Brands can also reach consumers through partnerships. Coca-Cola, Kellogg and Campbell Soup joined forces with Chef’d to include their products in the company's meal kits. The idea was a good one in principle — with Campbell Soup investing $10 million to increase sales and gain consumer insight — but did not work out as planned with the abrupt shutdown of the meal kit company.
But it's not all about partnerships. Campbell Soup has its own website where consumers can shop for products directly. The website includes special "craft" soups in glass containers instead of the metal cans found in grocery stores. The new packaging is meant to appeal to millennials who look for fresh, premium products.
In August 2017, Unilever tested direct-to-consumer shopping when it partnered with European grocery delivery service Quipup to include its Hellmann's mayonnaise products. Unilever is also one of the dozens of CPG brands to partner with Quipup's North American equivalent, Instacart.
Many CPG brands have invested in growing number of click and collect programs and home delivery services like Instacart and direct orders through Amazon. Late last year, Kellogg reported that e-commerce sales grew by 70% and shows promise — even though e-commerce currently makes up just 2% of the food industry, Kellogg CEO John Bryant said during a company presentation in September.
Benefits of bypassing the grocery store
CPG companies often use their e-commerce platforms to test out new or long tail products since more information can be collected online than in stores and more products can be offered. In cities like New York, there aren’t grocery stores large enough to offer a full freezer of Ben & Jerry’s, so consumers are choosing between a few flavors, said Eley. And in some situations, consumers don’t want to lug around a case of Coke when they could have it delivered right to their door, Carroll said.
Large retailers don’t have the capability to do a quick limited batch of products that would force them to reset shelves.
“If I am a grocery retailer, I could see this as an opportunity to have someone else experiment and see if there’s a demand for a product that I could then lift in my stores,” Michelle Grant, head of retailing research at Euromonitor International, told Food Dive.
"If I am a grocery retailer, I could see this as an opportunity to have someone else experiment and see if there’s a demand for a product that I could then lift in my stores"

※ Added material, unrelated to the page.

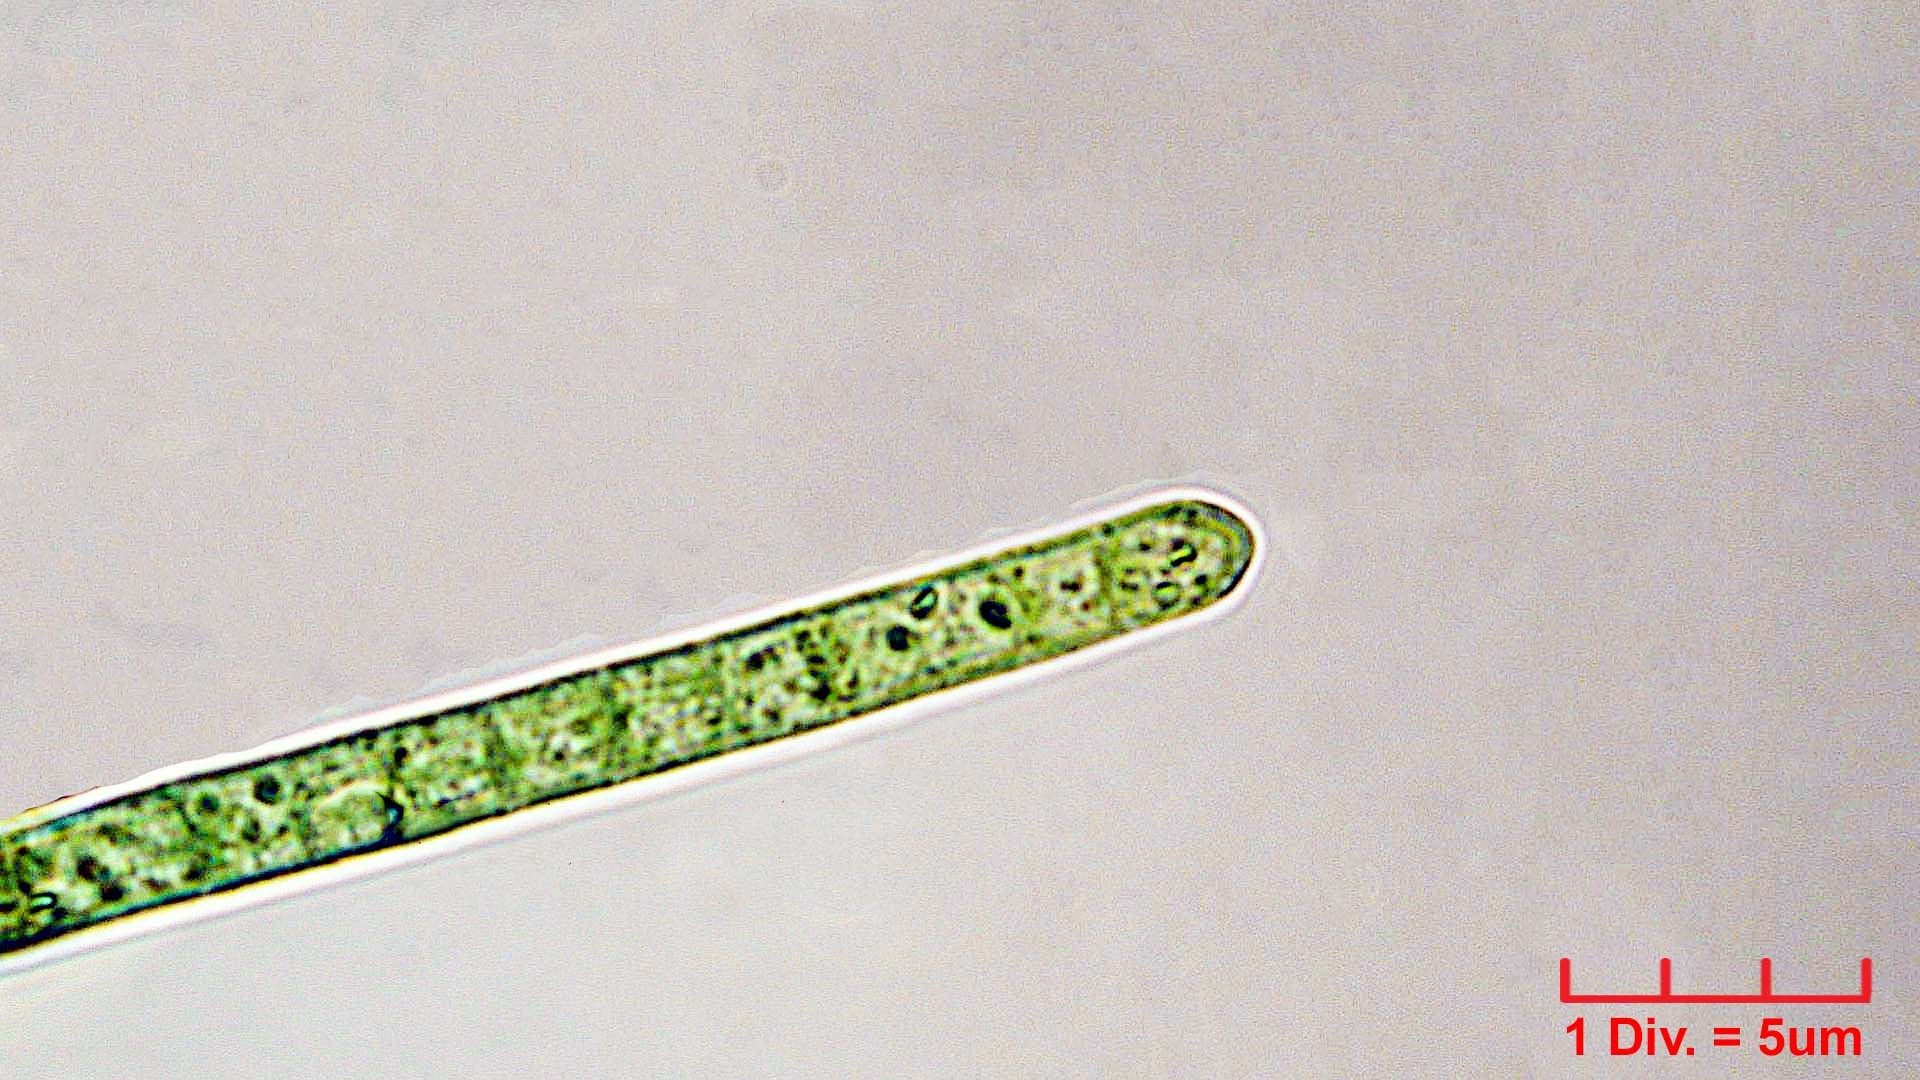 Cyanobacteria/Oscillatoriales/Oscillatoriaceae/Phormidium/retzii/phormidium-retzii-234.jpg

Head of Retailing Research at Euromonitor International
That’s why large CPG brands with hundreds of products are looking for new ways to go direct to consumer that wouldn’t be too large to scale, expensive to fulfill or compete against grocers who are critical to the brand’s success, said Pulsifer.
Although most retailers and brands are threatened by Amazon, most companies have partnered with the ecommerce giant to sell their products. Campbell Soup has hired a former Amazon and eBay executive to oversee the digital and ecommerce initiatives in order to bulk up its online efforts.
Ben & Jerry’s doesn’t see Amazon as a threat and sells ice cream to consumers through the mega-retailer. Eley said customers who want a pint of ice cream or a large quantity of the same flavor will buy from Amazon, but those who want a variety of products in bulk, a gift, or an exclusive flavor buy directly through Ben & Jerry’s.
The pressure from Amazon-Whole Foods has forced brands to step up their e-commerce efforts. In 2015, Mondelez announced the goal of selling $1 billion online by 2020.
As the trend of selling direct to consumer continues to grow, so do the implications. There are a billion smartphone and computer owners who can demand services immediately now. and as everyday life moves to the internet, so does grocery shopping.
Brands and grocers need to prepare for boost in direct to consumer demands in the United States. Brands specifically need to create a unique direct to consumer model that isn't difficult to scale or expensive to fulfill.
"It has to be a unique approach. It has to be a unique business model and I think, like I said, I don't know that there's a lot of people out there in the CPG space who are doing it," said Pulsifer.